— Слишком много для большой любви, — саркастически заметила Пия.
Вторым голосом, который был знаком сотрудникам комиссии по расследованию убийств, был голос Кампманна, но из разговоров было мало что понятно. Речь шла о лошадях и деньгах, о людях, очевидно купивших у Кампманна лошадей. Имя Маркуардт звучало не один раз, так же как имена Харт, Ноймейер и Пейден. Упоминались и другие клиенты комплекса «Гут Вальдхоф», знакомые Боденштайну и Пие. Голос Изабель звучал совершенно обычно, обольстительную интонацию она приберегала для Ягоды.
…Я умираю от смеха, — говорила она издевательским тоном, — ты продал этой дуре Пейден никуда не годную клячу, которая, кроме того что беременна, страдает запалом и на шесть лет старше, чем ты сказал. Что ты будешь делать, когда это выяснится?
Ничего. — В голосе Кампманна слышалось самодовольство. — Пока все выяснится, дети так привяжутся к пони, что она не захочет ее возвращать.
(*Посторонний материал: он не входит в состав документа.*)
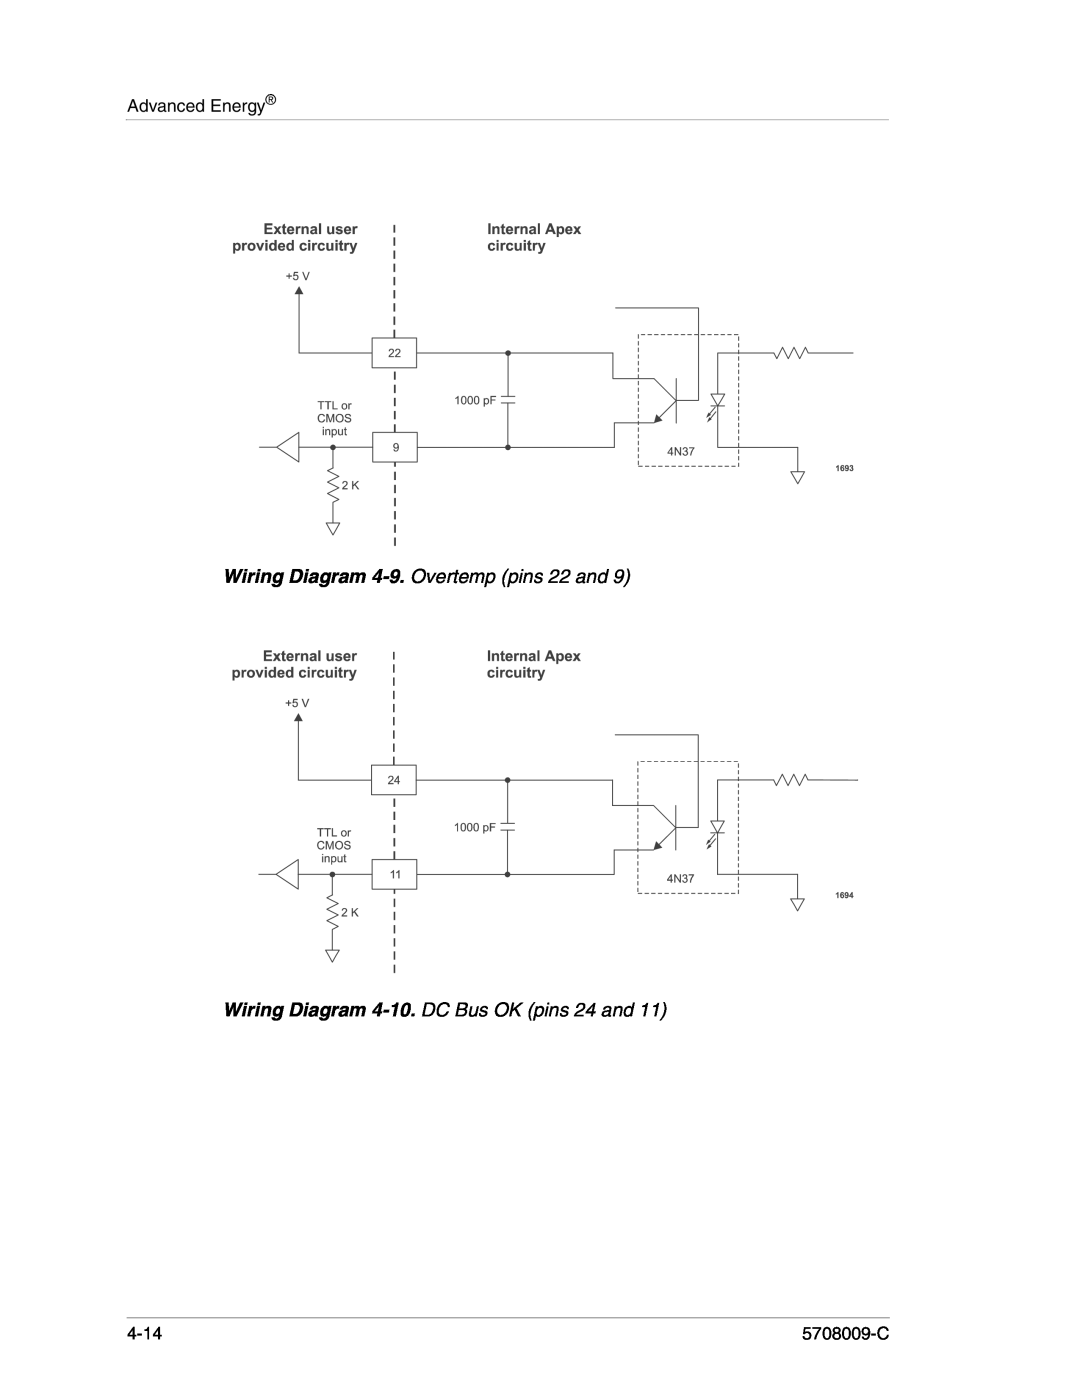 Apex Digital 5708009-C manual Wiring Diagram 4-9. Overtemp pins 22 and, Wiring Diagram 4-10. DC Bus OK pins 24 and, 4-14

Кстати, завтра вечером я привезу лошадь для Конрэди. Настоящая развалина, но выглядит шикарно. Тебе придется немного ее объездить. Если она увидит тебя на осле, то сойдет с ума.
В чем закавыка?
У жеребца вышел срок, — сказал Кампманн. — Он больше не участвует ни в каких международных турнирах в манеже для выездки. Но дома он — высший класс. Если эта дуреха заставит своего старика раскошелиться, я позабочусь о том, чтобы лошадь никогда не дошла до турнира. Как всегда…
Сотрудники отдела К-2 какое-то время гадали, зачем Изабель Керстнер записывала эти разговоры. Более серьезными оказались другие видеодоказательства, которые Пия и Боденштайн выудили из тайника под полом.
— Поставьте следующий DVD-диск, — попросил Боденштайн своих коллег.
В эпизодах этого фильма фигурировала постель в спальне Изабель, но с другого ракурса. Очевидно, камера, как обычно, находилась в шкафу, в который Ягода так недоверчиво заглядывал. На втором диске вновь было зафиксировано горизонтальное усердие молодой женщины, причем с различными мужчинами, которых Боденштайн и его коллеги не знали. Но когда на втором диске появился четвертый мужчина, ситуация изменилась. В большой переговорной комнате воцарилось недоуменное молчание.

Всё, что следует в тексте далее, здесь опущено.